PROVINCES – POEMS 1987 – 1991 (Poetry)

By Milosz, Czeslaw
Translated by the author and Robert Hass
New York: The Ecco Press, 1991
ISBN # 0-88001=317-6
72 pages

Comments by Bob Corbett
September 2012

I have just recently come to know of the poet Czeslaw Milosz, and this first volume I’ve read leaves me utterly delighted, thinking this man is one of the best poets I’ve ever read. This collection is mainly of quite short poems, a page often, perhaps two pages now and again. Each one reflects on and describes some concrete situation and lifts it to the heights of philosophical and moral discussion at the same time.

In the very first poem, Blacksmith Shop, he tells us:

“It seems I was called for this
To glorify things just because they are.”

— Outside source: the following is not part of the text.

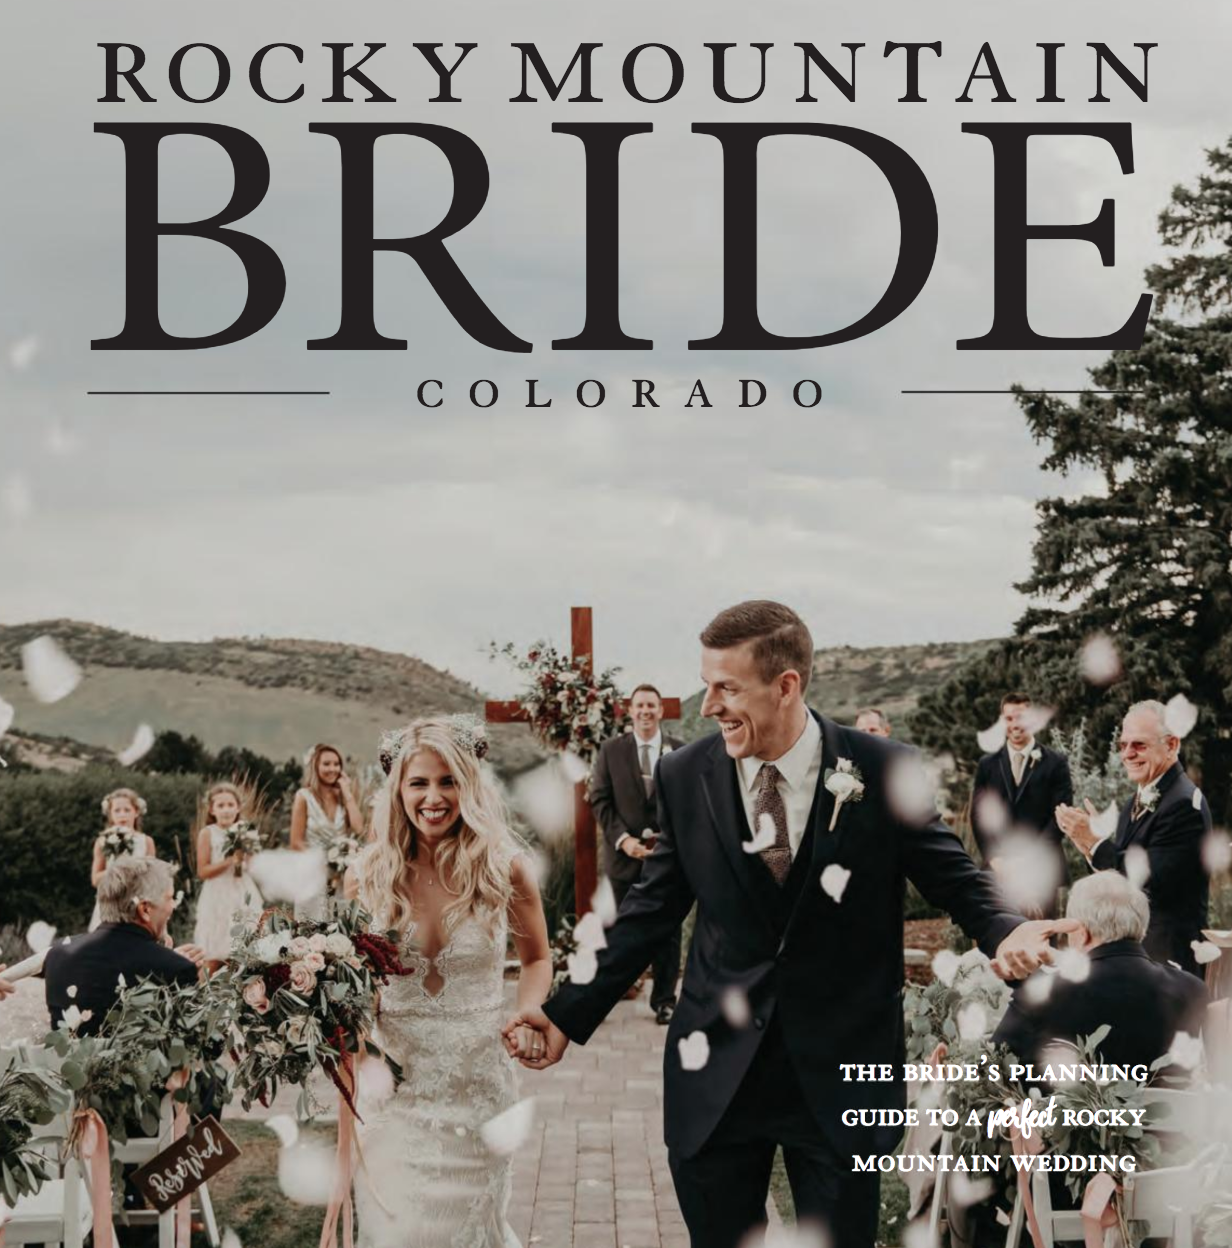 In The Press: Rocky Mountain Bride

And that’s what it seems he does. He celebrates the world, yet isn’t much convinced it has any other or so-called “higher” meaning than that the world IS. And humans ARE: are now and living, but Milosz doesn’t believe that humans are anything more than another being among the beings of this planet, and like other beings will be, live, and then, at some time, cease to be. No more no less, and he celebrates the IS which each being is.

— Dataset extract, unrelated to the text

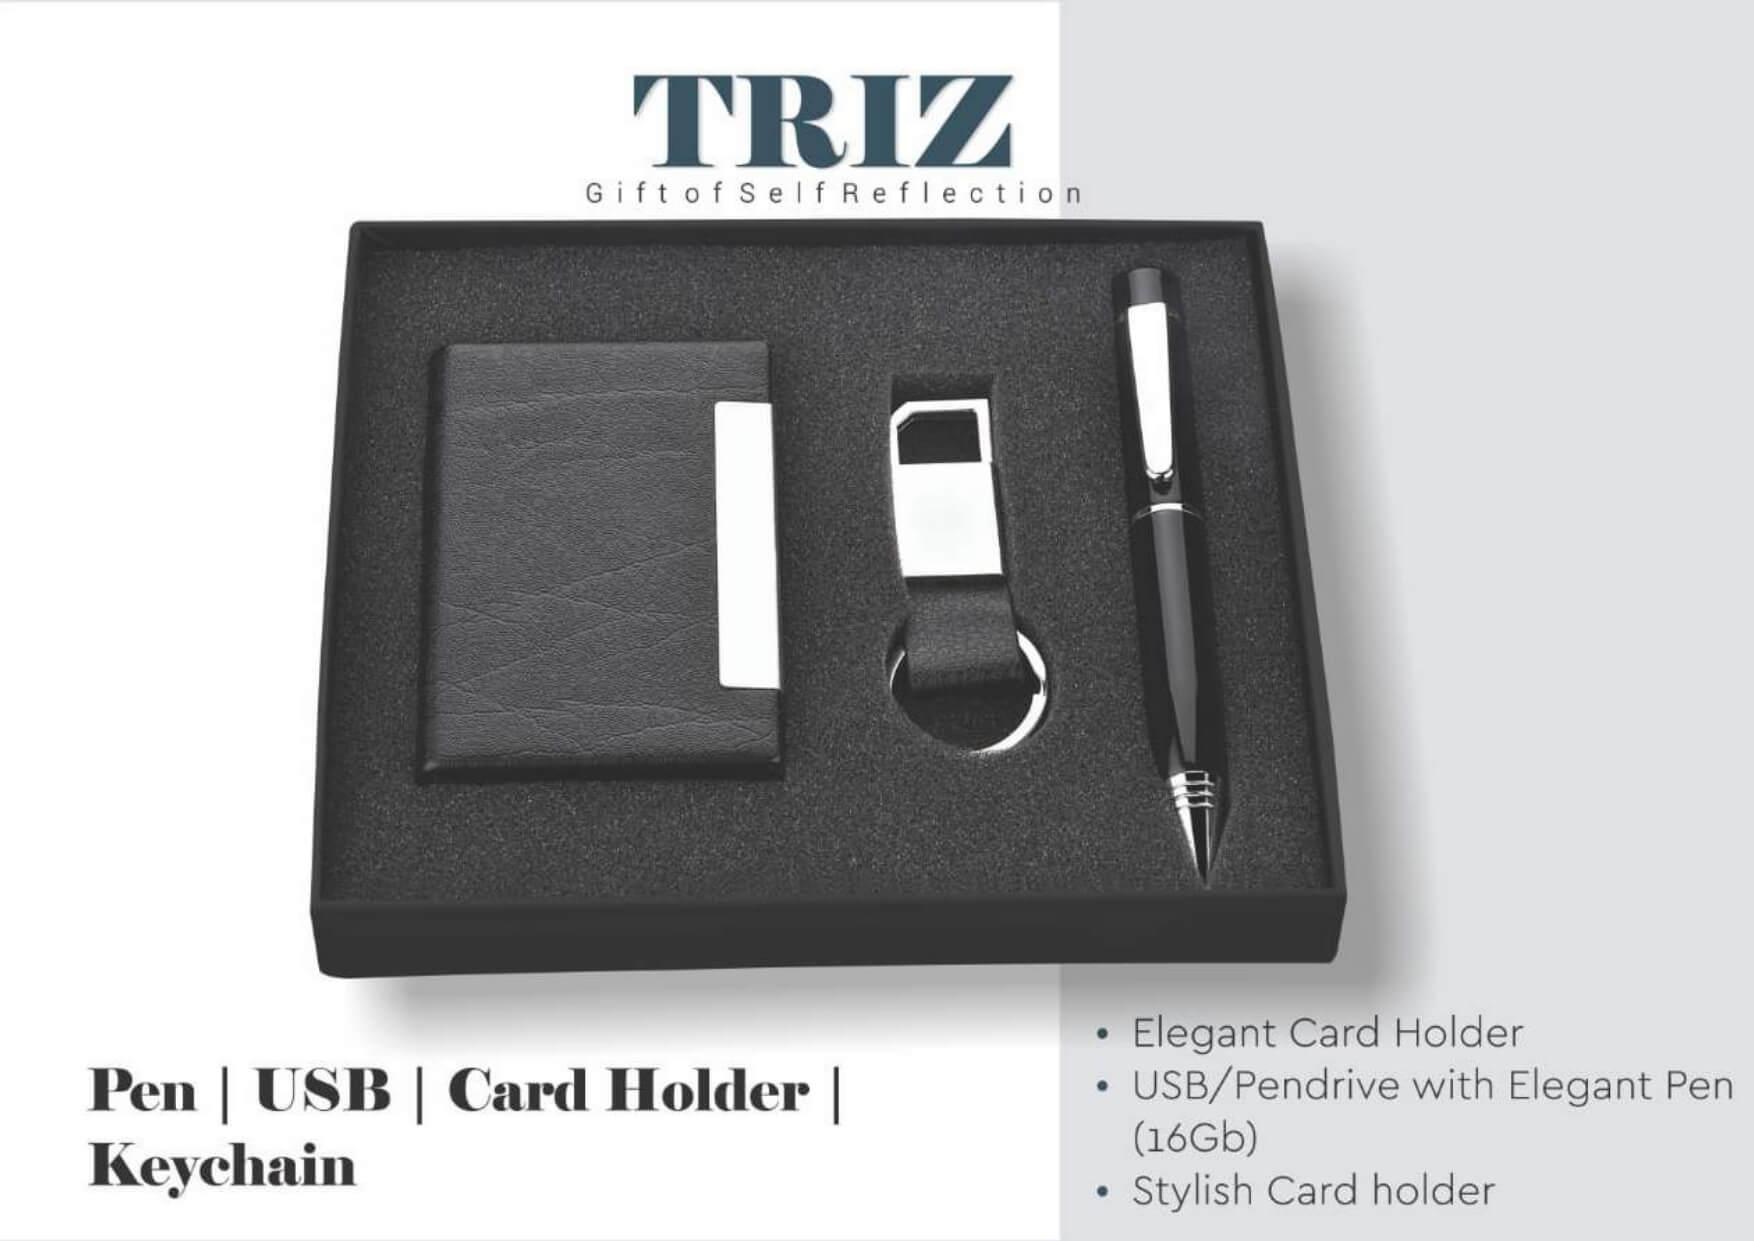 Pen with Usb , Card Holder, Keychain Set Triz

In his poem about the early evolutionist, Linnaeus, he writes:

“He would set out with his botanical box
To gather and to name, like Adam in the garden
Who did not finish his task, expelled too early.”

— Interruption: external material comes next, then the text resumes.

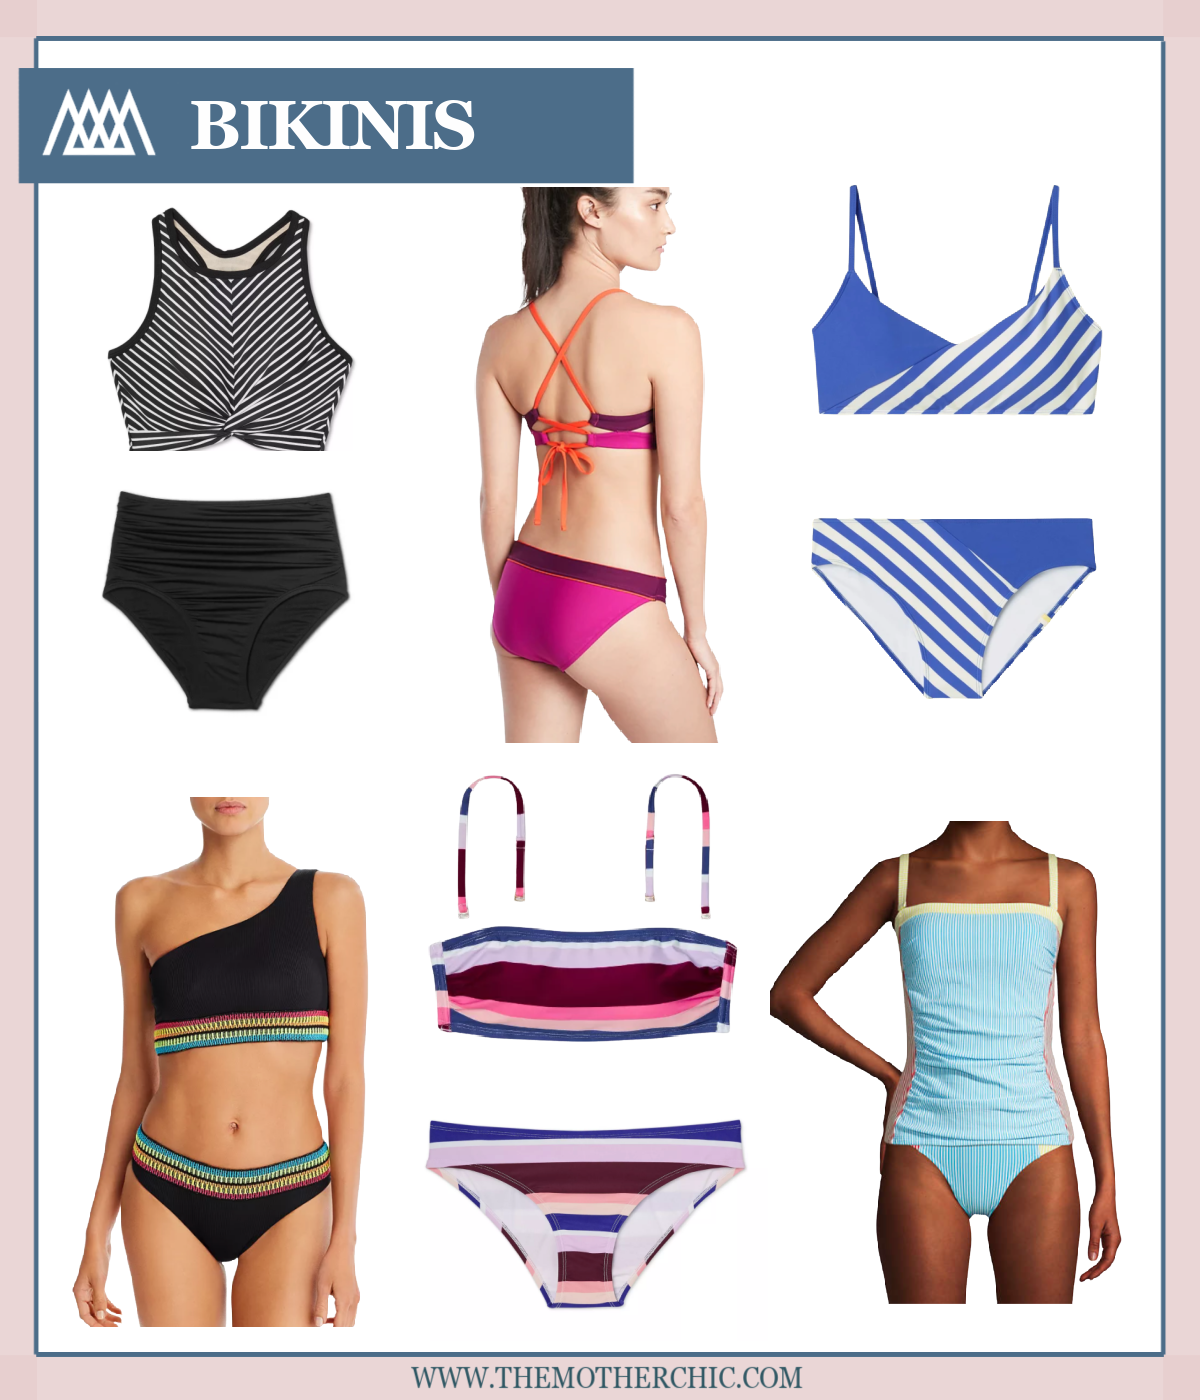 the motherchic bikinis

The poet himself, while not a scientist, will do this NAMING in poetry and lived experience.

“And I, who in this bitter age deprived of harmony
Am a wanderer and a gatherer of visible forms
Envying them, bring to him [Linnaeus] my tribute
A verse imitating the classical ode.”

There is a beautiful humility about Milosz. In another poem he presents a portrait of himself as poet:

Reconciliation
"Late, the time of humbling reconciliation
With himself, arrived for him.
“Yes” – said – “I was created
To be a poet and nothing more.
I did not know anything else to do.
Greatly ashamed but unable to change my fate.”

The poet: one who constantly thinks of something else.
His absentmindedness drives his people to despair.
Maybe he does not even have any human feelings.

But, after all, why should it not be so?
In human diversity, a mutation, variation
Is also needed. Let us visit the poet
In his little house in a somewhat faded suburb
Where he raises rabbits, prepares vodka with herbs,
And records on tape his hermetic verses."

My favorite poem of the collection is a bit longer than others – A New Province. It is about the aging process, the approach of death. Each stanza, about 13 of them, each 4-8 lines, is an image of a different aspect or attitude toward old aging and death. I’ve read it half dozen times already. Perhaps it’s a bit close to home.

There is an irony is his work in that it is very concrete; he reveals the everyday world of his experience. He SAYS he doubts the notion of philosophy and reflections on larger meanings, yet many of his poems, while set in everyday reality, reveal a view of the world that many would-be philosophers would find exciting. But his own claim to be “just” a describer of his world is beautifully expressed in one of the last poems in the collection: December 1. December 1

"The vineyard country, russet, reddish, carmine-brown this season.
A blue outline of hills above a fertile valley.
It’s warm as long as the sun does not set, in the shade cold returns.
A strong sauna and then swimming in a pool surrounded by trees.
Dark redwood, transparent pale-leaved birches.
In their delicate network, a sliver of the moon
I describe this for I have learned to doubt philosophy
And the visible world is all that remains."

Joyfully I have a second volume of his work which I haven’t yet taken off the shelf. I’m going to wait a bit, reread a few of the poems in this volume, then, when I’m ready I’ll treat myself to the second book of his which I have.